As an equities trader, I teach and coach other traders how to find solid trading ideas. If a trader in my trading room or in a coaching session asks me about a certain stock, I always start from the bigger time frame: monthly and then work my way backwards–weekly, daily, 60-minute, 15-minute, 5-minute and 1-minute. Eighty five percent of the time I will find a point on one of the time frames that would make me not like the setup or give me a neutral bias.

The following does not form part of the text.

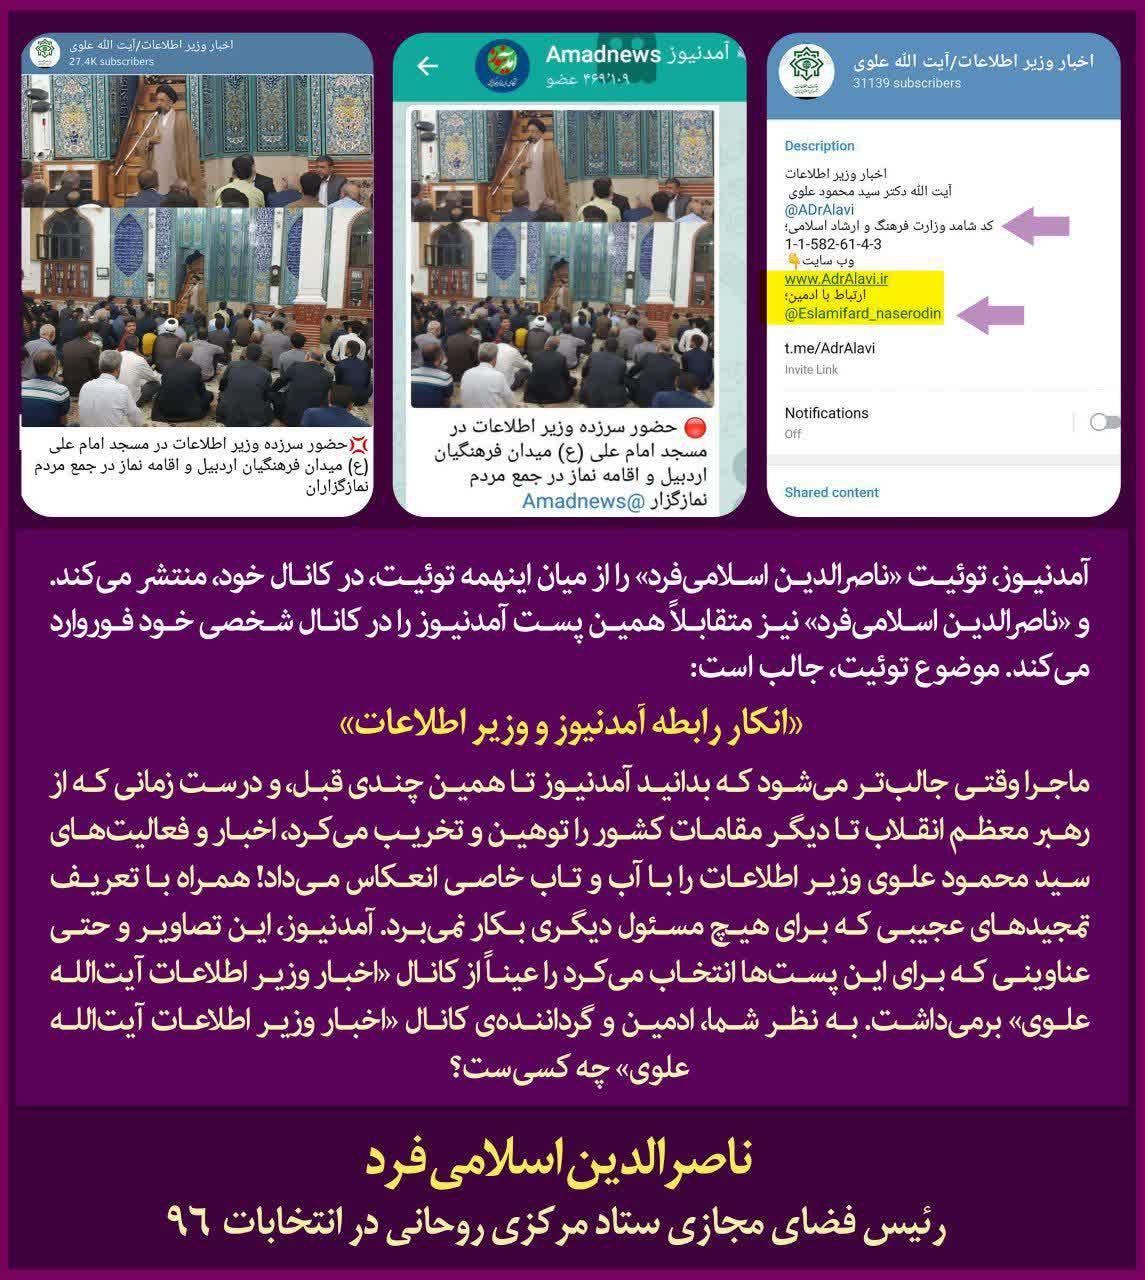 http://dl-abbasi.ir/yekta/1398/Graphic/eslamifard/eslamifard%20(8).jpg

PUT THE ODDS IN YOUR FAVOR
Time frame alignment is like stalking all the odds in your favor. I work with a lot of new traders and they are always so eager to find a trade idea and hit the button. My job assignment is to find high probability setups based off time frame alignment that sets up low risk and high reward.

TRADE LESS, MAKE MORE
My mantra is “trade less, make more.” Once you have obtained a predefined edge with setups, you will need to patiently sit on your hands and wait for clear setups or wait until the next day.

Using time frame alignment with trading setups is like using a sluice box to find the gold to your trading career. Relax, slow down, study, learn and follow the bigger trend off the larger time frame. The down fall for new traders is when they trade off the smallest time frame, “1 and 3 minute charts.” View all setups off the larger time frame weekly, daily, 60 minute then dial down to the 15 minute or 5 minute to find a nice entry point in your favor.

BOTTOM LINE
You will trade a lot less, get stopped out less, and your broker will get less commission from you.